Your copy should repeat the data that follows exactly and contain no image.

The data:
--------------------------------------------------
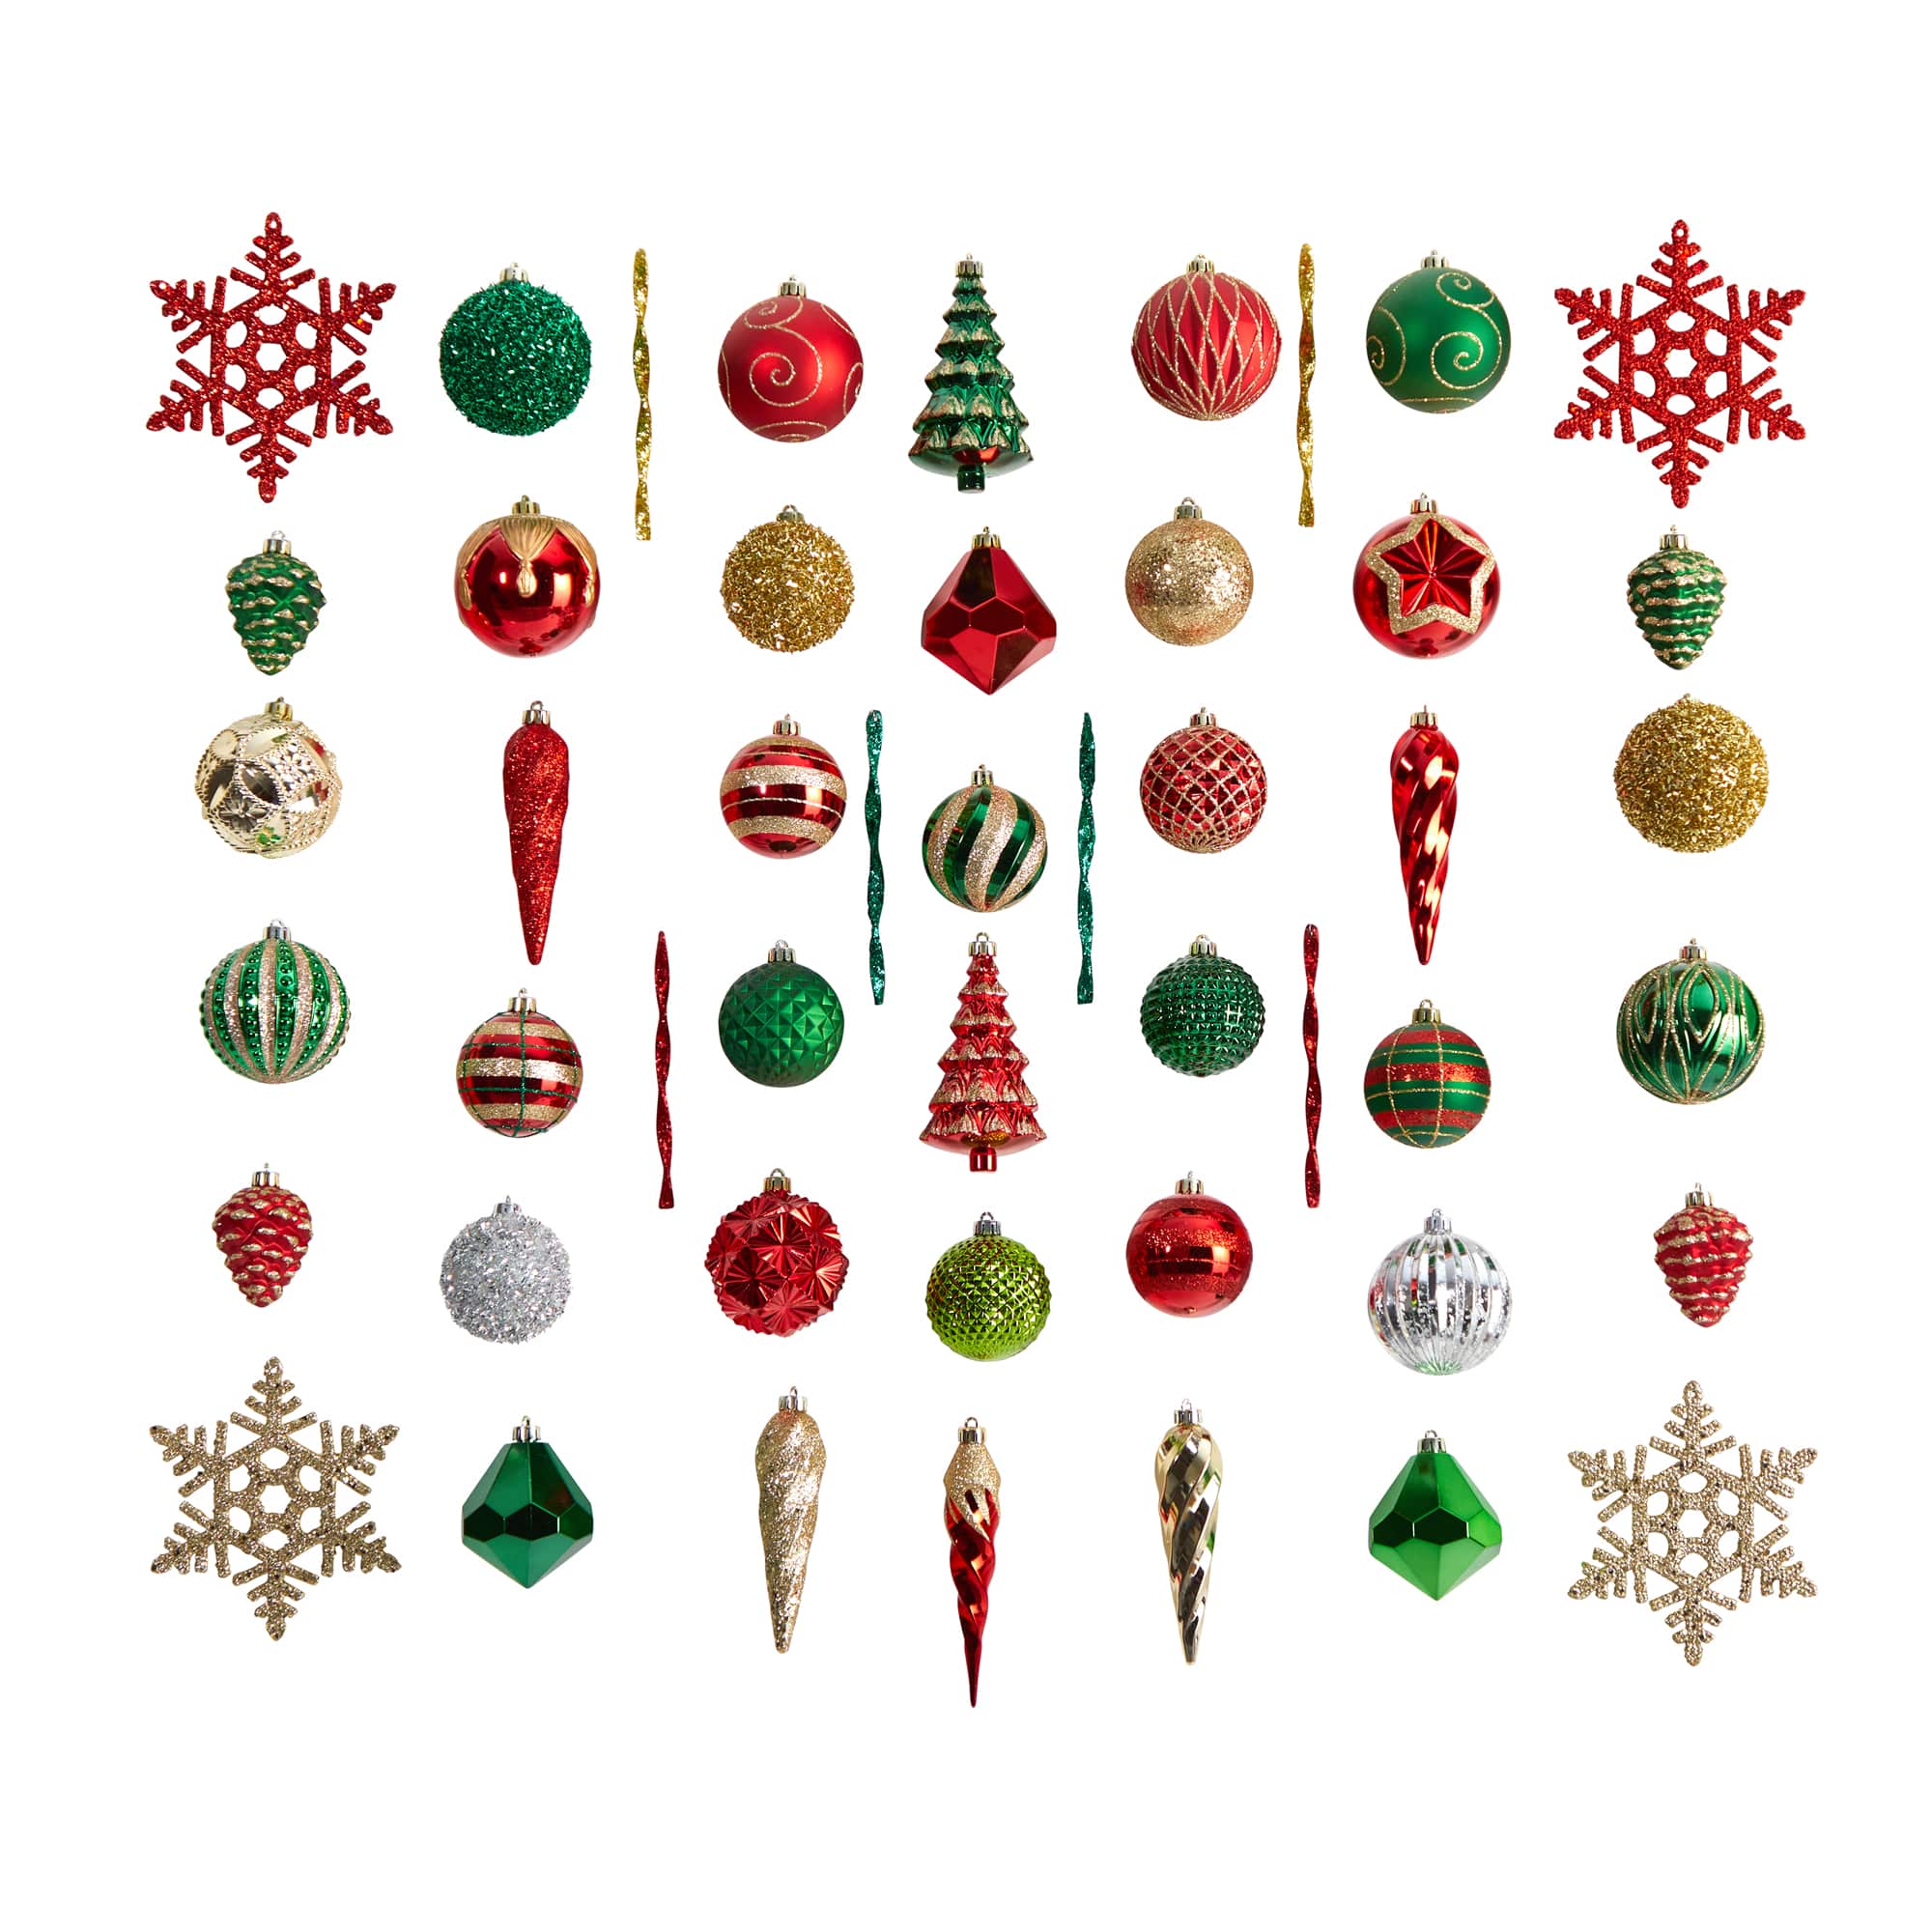 24ct. 4 White Glitter Snowflake Christmas Ornaments
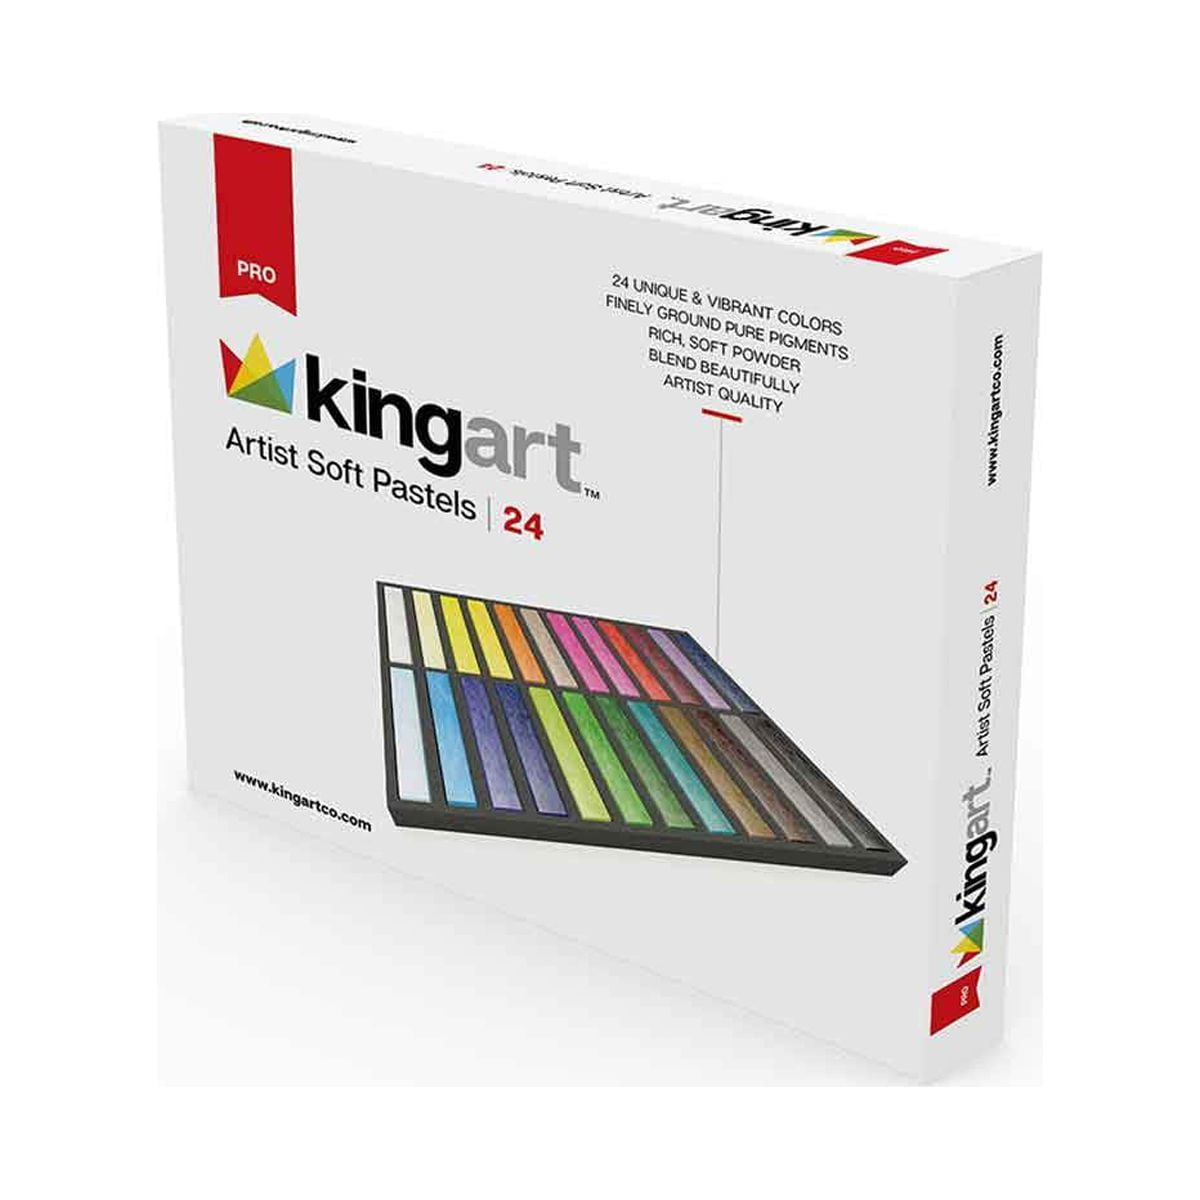 KINGART® PRO Artist Soft Pastels, Set of 24 Unique Colors
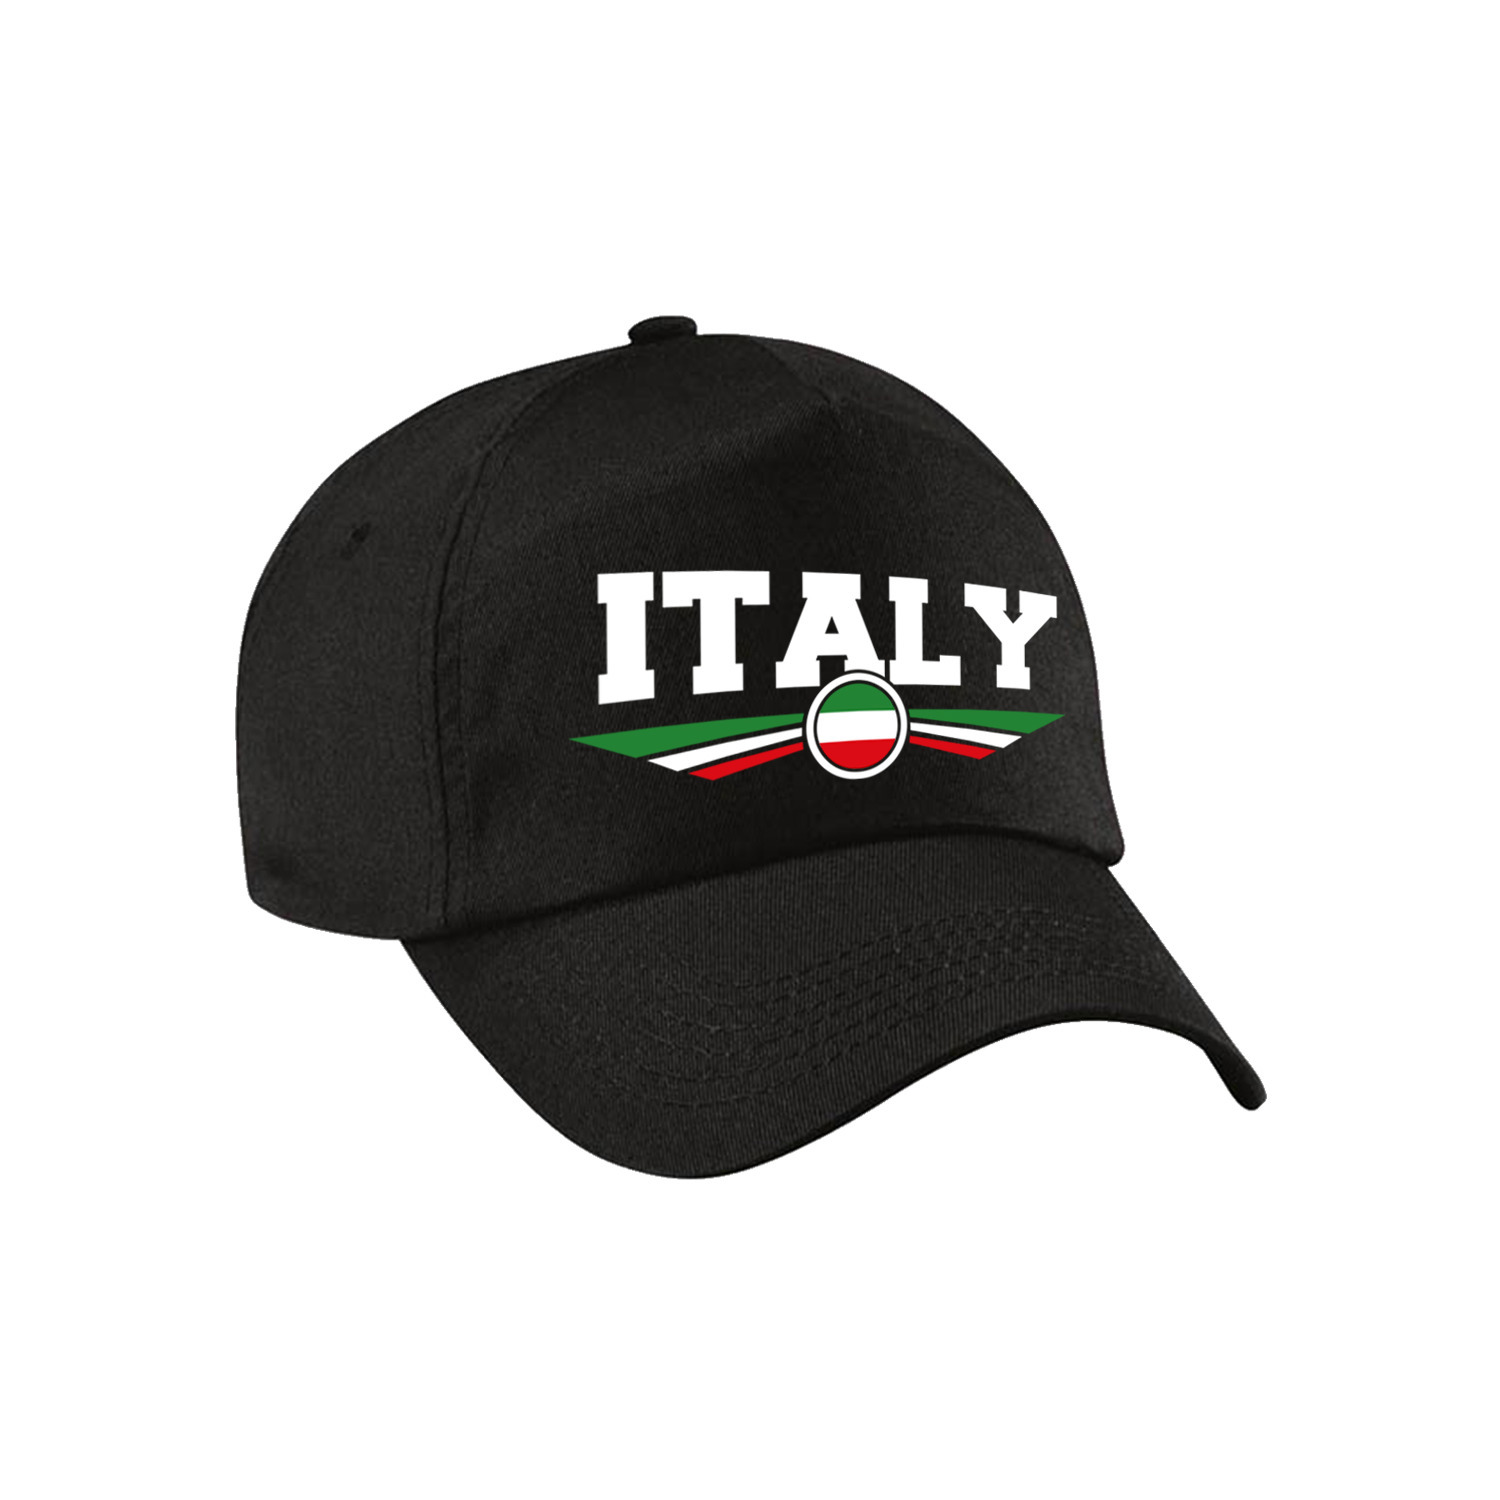 Italie-Italy landen pet-baseball cap zwart volwassenen
--------------------------------------------------
Solution for this task:
 24ct. 4 White Glitter Snowflake Christmas Ornaments
 KINGART® PRO Artist Soft Pastels, Set of 24 Unique Colors
 Italie-Italy landen pet-baseball cap zwart volwassenen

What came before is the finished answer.